***** STORED DATA *****

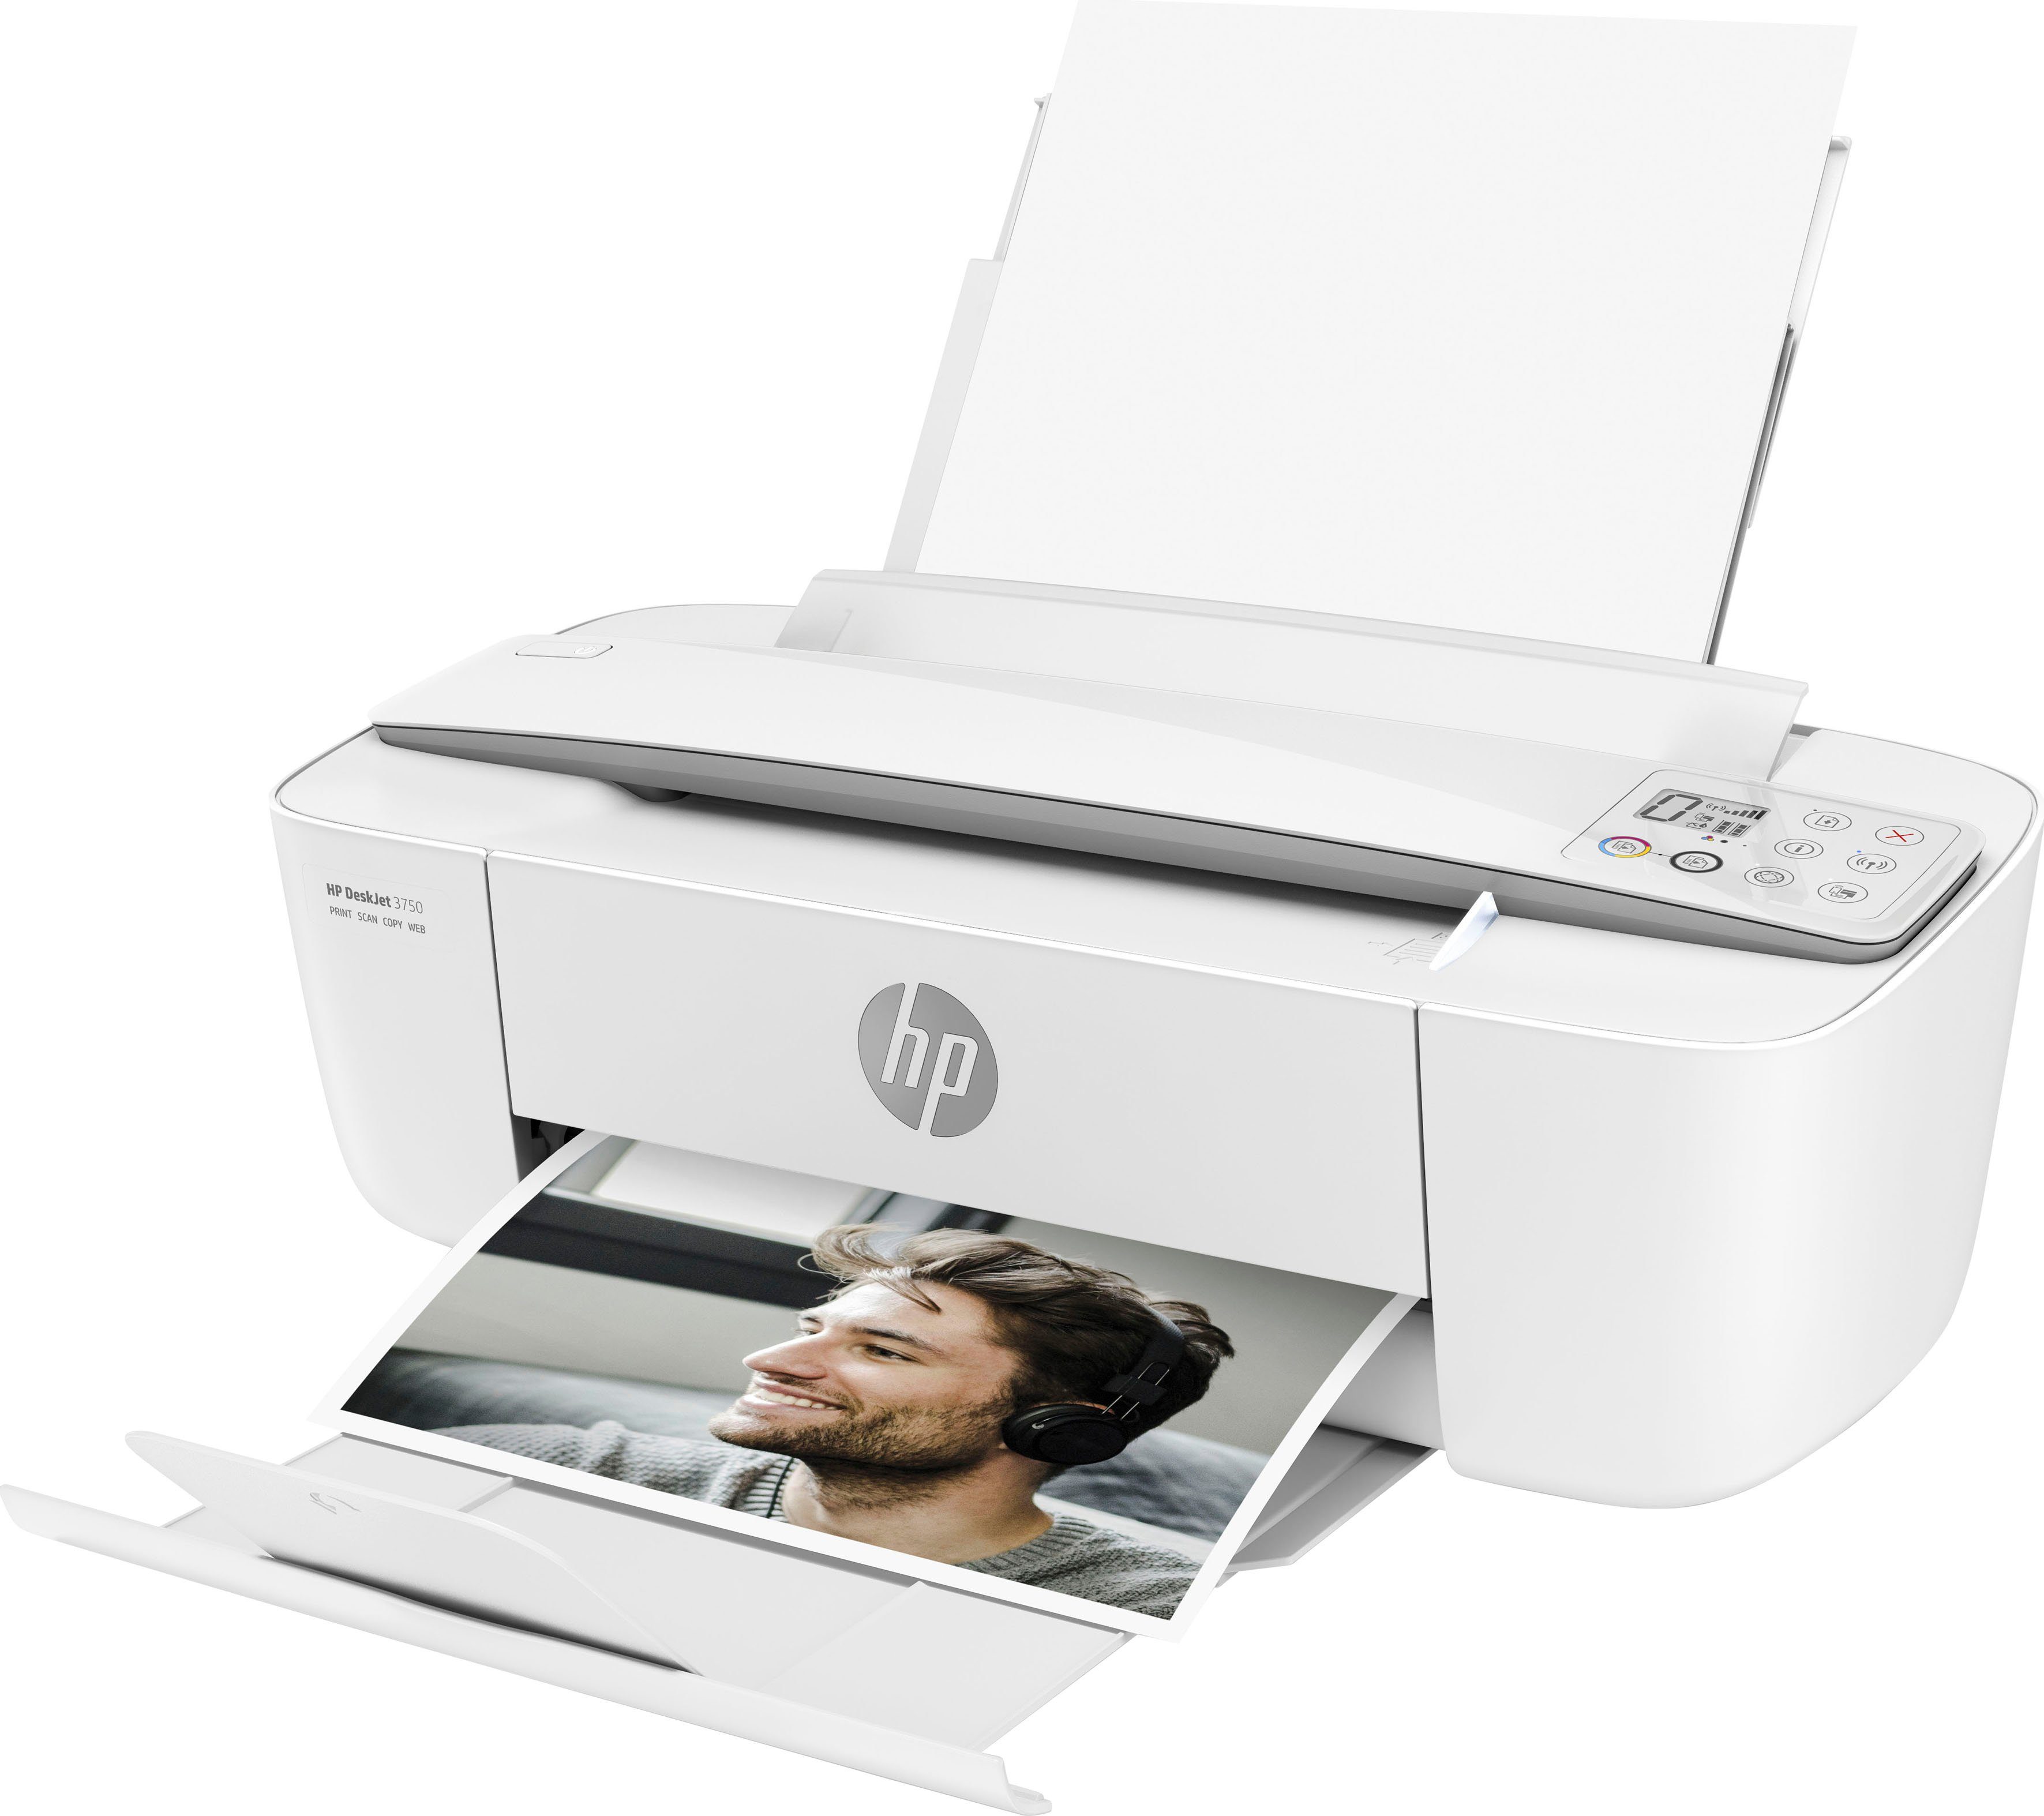 HP+ 3750 Instant (WLAN HP Multifunktionsdrucker, Drucker DeskJet kompatibel) Ink (Wi-Fi),
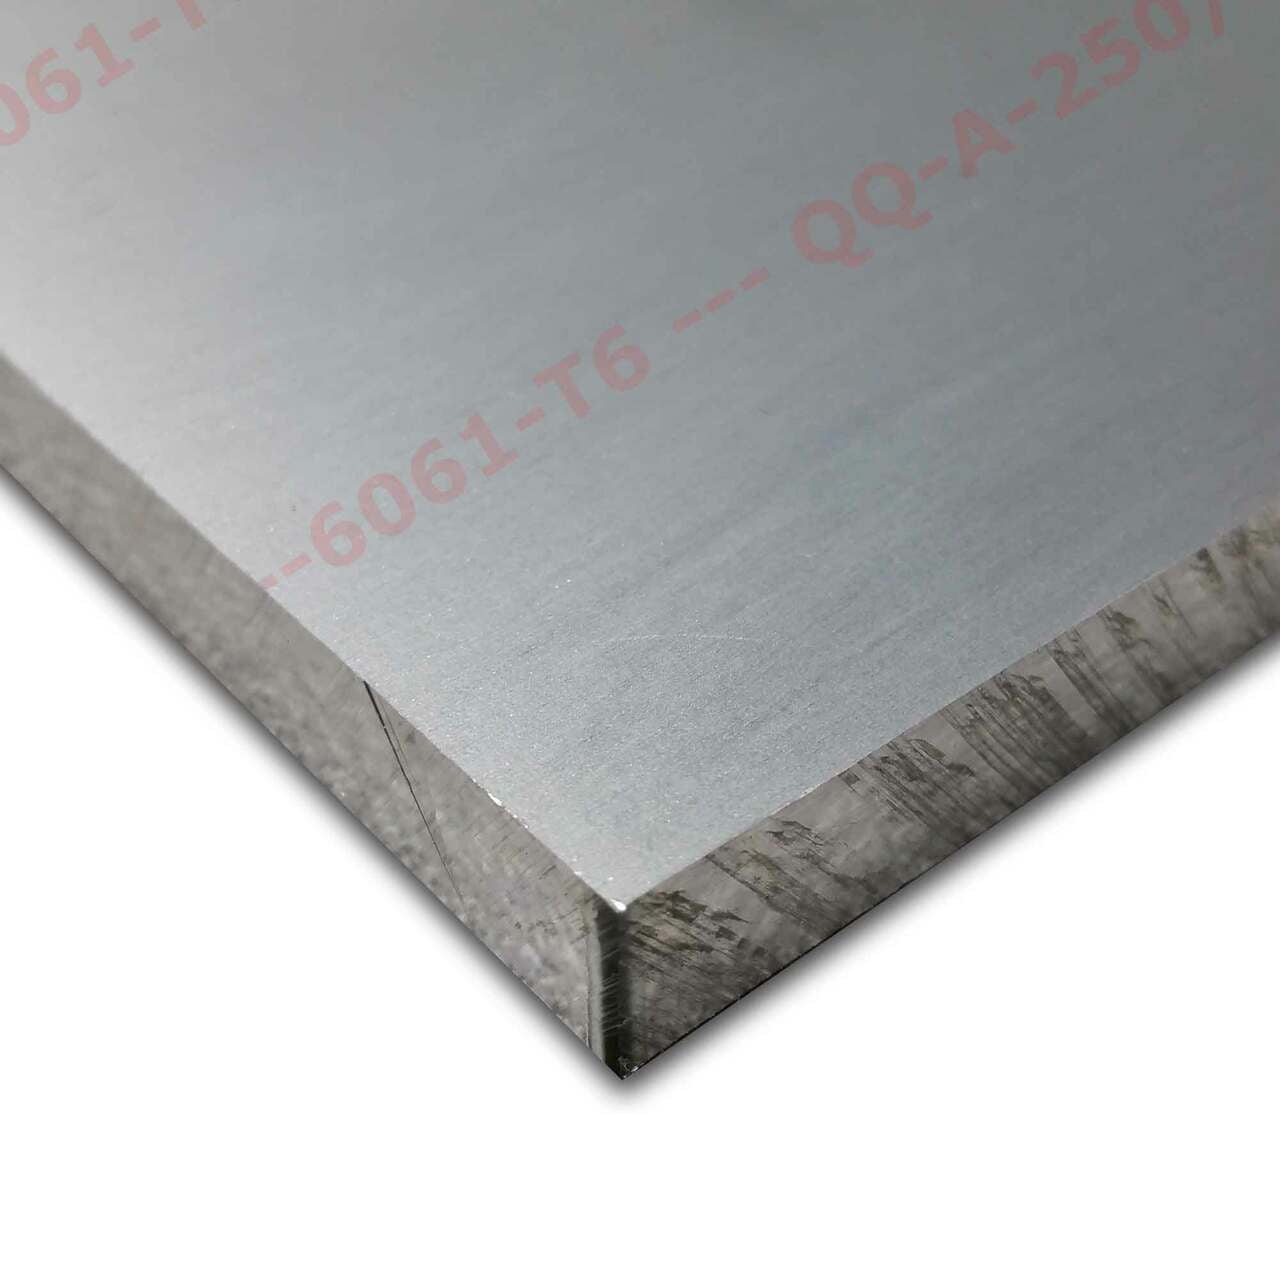 1/16 x 12 x 15 Aluminum Plate 5052 Aluminum 16 Gauge
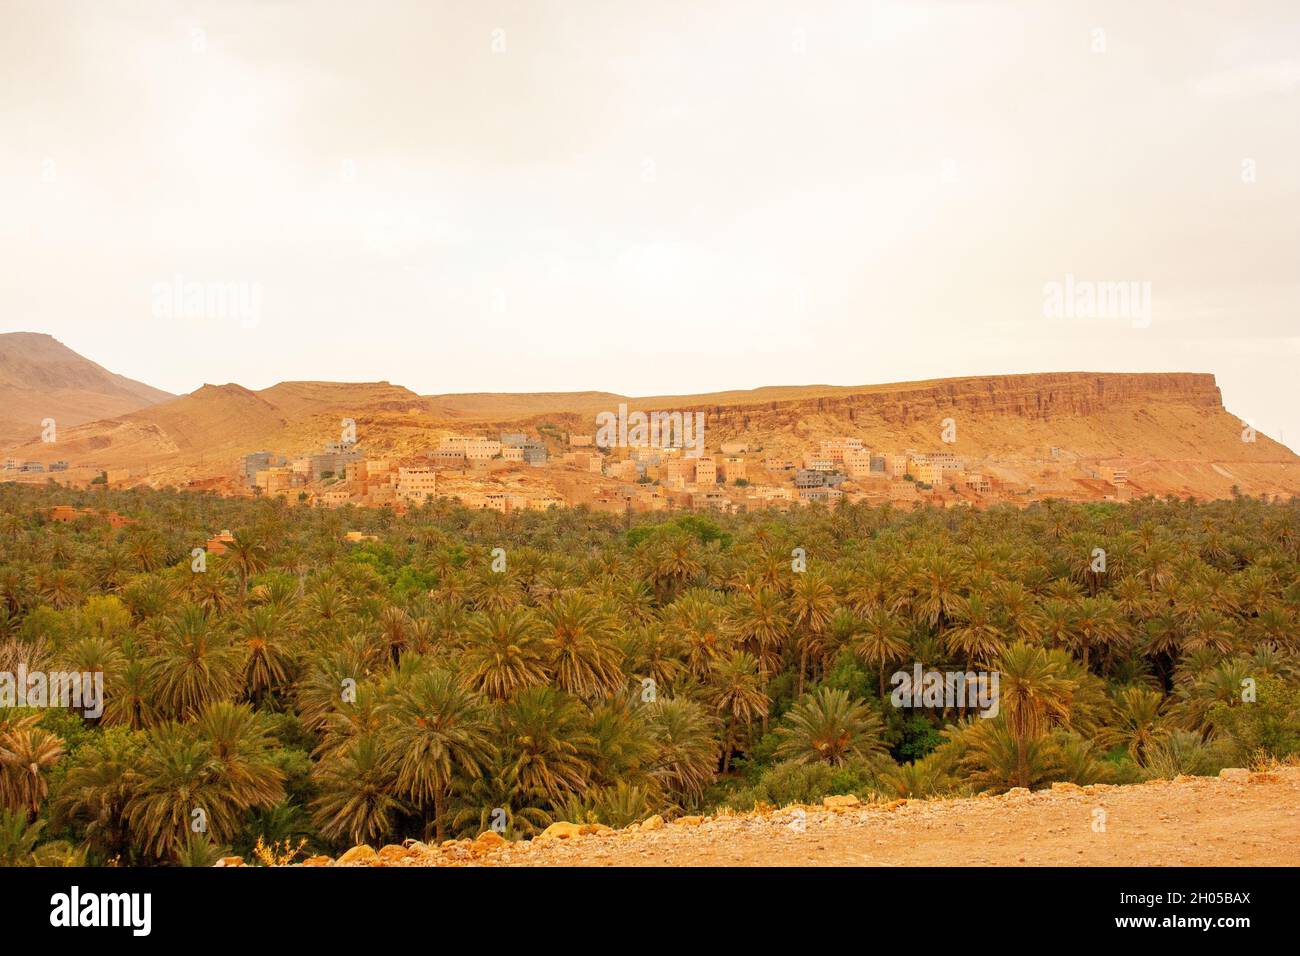 Oasis et paysage du désert du Sahara photographiés au Maroc Banque D'Images

*****

#### [YOUR OBJECTIVE]
Give back the entire listing verbatim, without the pictures.

#### [TASK SOLUTION]
 HP+ 3750 Instant (WLAN HP Multifunktionsdrucker, Drucker DeskJet kompatibel) Ink (Wi-Fi),
 1/16 x 12 x 15 Aluminum Plate 5052 Aluminum 16 Gauge
 Oasis et paysage du désert du Sahara photographiés au Maroc Banque D'Images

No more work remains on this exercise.